"Life is about not knowing, having to change, taking the moment and making the best of it, without knowing what's going to happen next. Delicious Ambiguity." ~ Gilda Radner

Monday, September 04, 2006


Mondays off are meant for moodling.

And that is pretty much what I have done all day. Maybe you have moodled the day away as well. I hope you have. Everyone needs to moodle now and then...it's the best way to find emotional clarity amid the frenzy of this thing we call "life".

Maybe you have moodled, and you don't even know it.

Let me ask you: Have you, at some point during this long Labor Day weekend, dawdled? Or puttered? Or putzed? If your answer is yes, then by golly, you have moodled. If your answer is no, for shame. During every harried life some moodling should occur. For moodling, explains writer Brenda Ueland (who coined the word), induces revealing and rewarding reveries -- those a-ha moments that nourish our souls.

Kids need moodling time, too.

However, it seems to me that kids these days aren't allowed much moodling. Oh, they get plenty of extracurricular enrichment -- which is a good thing, certainly. But too much of it can lead to stress, according to an article I read in Sunday's USA Weekend. Did you read it?

It was titled, "The Benefits of Boredom" by Ann Pleshette Murphy, and it pointed out that according to a recent poll by KidsHealth, 41% of children feel stressed most or all of the time because they have too much to do. But Ms. Pleshette Murphy went on to say that research also shows that enforcing boredom (a first cousin to moodling, you might say), or opportunities to daydream, produces brainwaves associated with creativity.

That shouldn't be news to anyone who grew up in the 60s...Most time I whined to my mom, "I'm bored," she gave me a list of things I could do -- clean my room, wash dishes, etc. -- and it was amazing how suddenly creative and not-bored I could be .

Anyway...according to this article, "when kids have a chance to sit with their thoughts -- not while playing a video game, watching TV or doing homework-- their brains benefit in ways that enhance other kinds of learning. And being able to calm yourself and de-stress can have lifelong health benefits."

In other words, before we schedule another dance/guitar/piano/tumbling lesson on our kids' off days from volleyball/football/cross country practice, or that weekend "select" sport tournament, maybe we just ought to pencil in a new routine called NOTHING.

Yup. You heard me. ABSOLUTELY NOTHING.

I can hear the parental gasps, moans, and general gnashing of teeth as I type...but I think the idea might hold some value.
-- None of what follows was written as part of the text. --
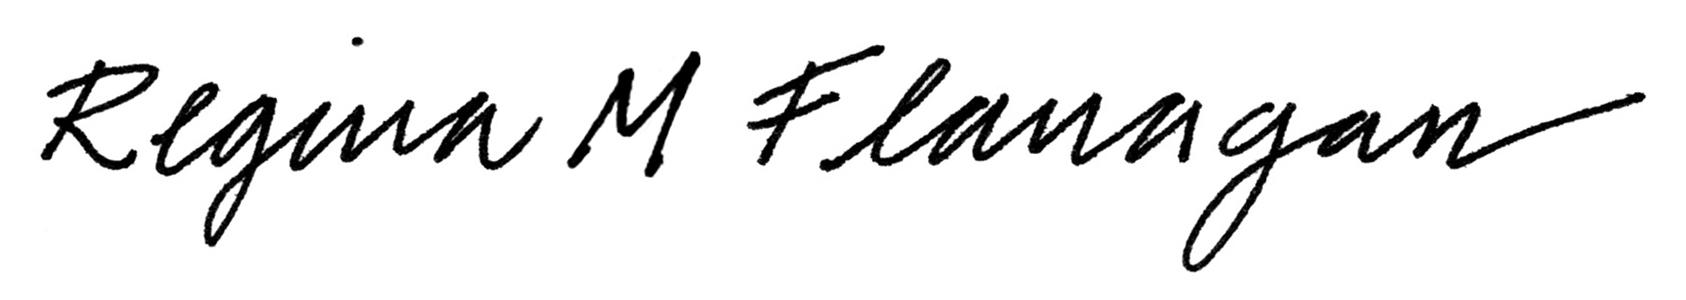 RF Signature_v2.jpg

Call it moodling. Call it boredom. Call it just plain old-fashioned downtime.

Everybody needs it.

So, take it or leave it, Ms. Pleshette Murphy advises the following:
  • Make downtime a scheduled family activity.
  • Enhance, don't engineer. In other words, don't rush to fill the void when children say, "There's nothing to do". You could repeat my mother's other favorite "I'm bored" retort, "Spit in your shoe and send a letter to Kalamazoo." But like that other 60s humorous parental directive (my father's favorite) "Go play in traffic", I really don't recommend it.
  • Limit TV and computer use. Ouch. That's a tough one. But hey, if we made it through our childhoods having to generate our own fun without staring at a screen , our kids really can do the same. Unless, of course, a child's mother is addicted to blogging, which then requires yet another 60s' parental command, "Do as I say, not as I do."
Well, as another Labor Day weekend winds down and I sink slowly into a relaxing, hot bubble bath , surrounded by aromatherapy candles and calmed by Barry Manilow's Greatest Hits playing ever so softly in the background, I want to wish you and your kids many long, boring hours of inefficient idling.

Let the creative juices flow!

(NOTE: I posted this same article on my other blog...I was too busy moodling to be creative twice on one Labor Day...forgive me?)